No mês em que acontece o Sesc Verão 2023, discutimos a relação entre as tecnologias e a prática físico-esportiva. A reportagem principal desta edição defende que usar o tempo livre para atividades que não movimentam o corpo favorece o sedentarismo, além de elevar o risco de doenças crônicas.
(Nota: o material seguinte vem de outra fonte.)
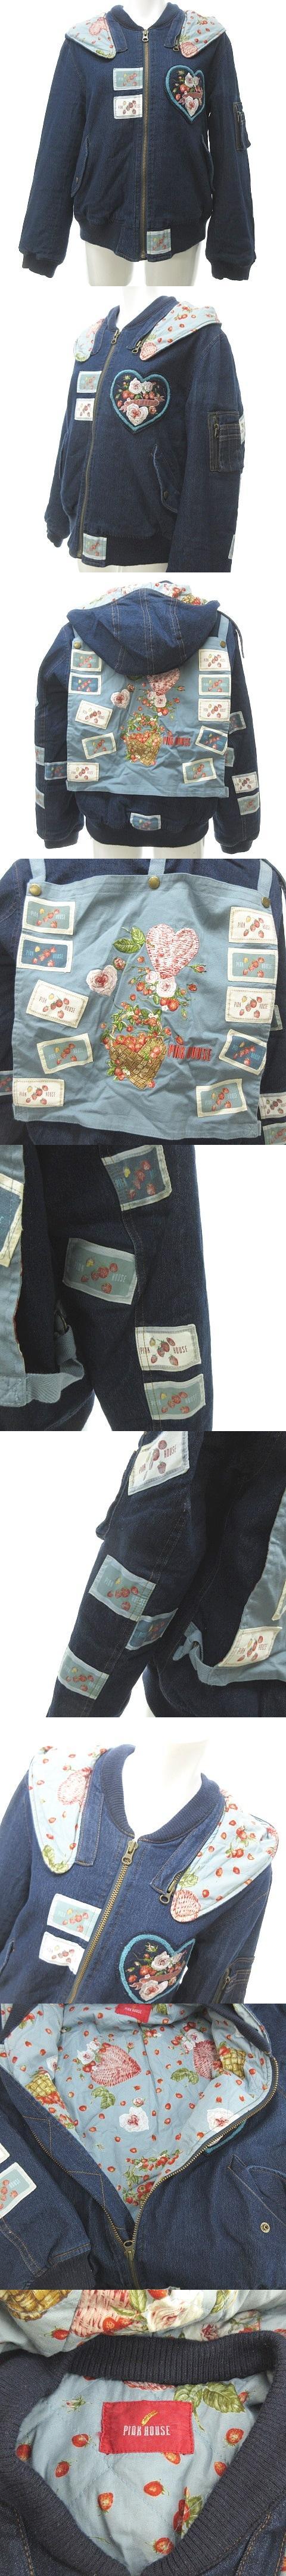 ブルゾン 中綿ジャケット MA-1 デニム ロゴ パッチ 刺繍 アップリケ イチゴ インディゴ メルローズ 0705 NST

No entanto, o texto também aponta que, quando utilizado de maneira equilibrada, o tempo em frente às telas pode motivar a prática de atividades físicas, por meio do uso de aplicativos e aparelhos que medem frequência cardíaca, gasto calórico, qualidade do sono, entre outros indicadores.
Além disso, a Revista E de janeiro/23 traz outros conteúdos: uma reportagem que percorre os caminhos de gestação de uma obra literária, desde o surgimento da ideia original até chegar à mão dos leitores; uma entrevista com a escritora cubana Teresa Cárdenas, que conta sobre sua relação com a literatura brasileira, seu processo criativo e revela de que forma os antepassados guiam sua escrita; um depoimento com a cantora e compositora Ellen Oléria sobre música, teatro e afrofuturismo; um passeio visual por imagens que celebram o universo feminino indígena no universo das artes visuais; um perfil da médica Nise da Silveira (1905-1999), pioneira na humanização do atendimento psiquiátrico por meio da arte; um encontro com o jornalista Tiago Rogero, criador do projeto Querino, que fala sobre popularização de podcasts e luta antirracista no Brasil; um roteiro nostálgico pelas miudezas arquitetônicas de São Paulo, em celebração aos 469 anos da capital paulista; um conto inédito da escritora Natalia Timerman; e dois artigos que discutem a relação entre envelhecimento e inclusão digital.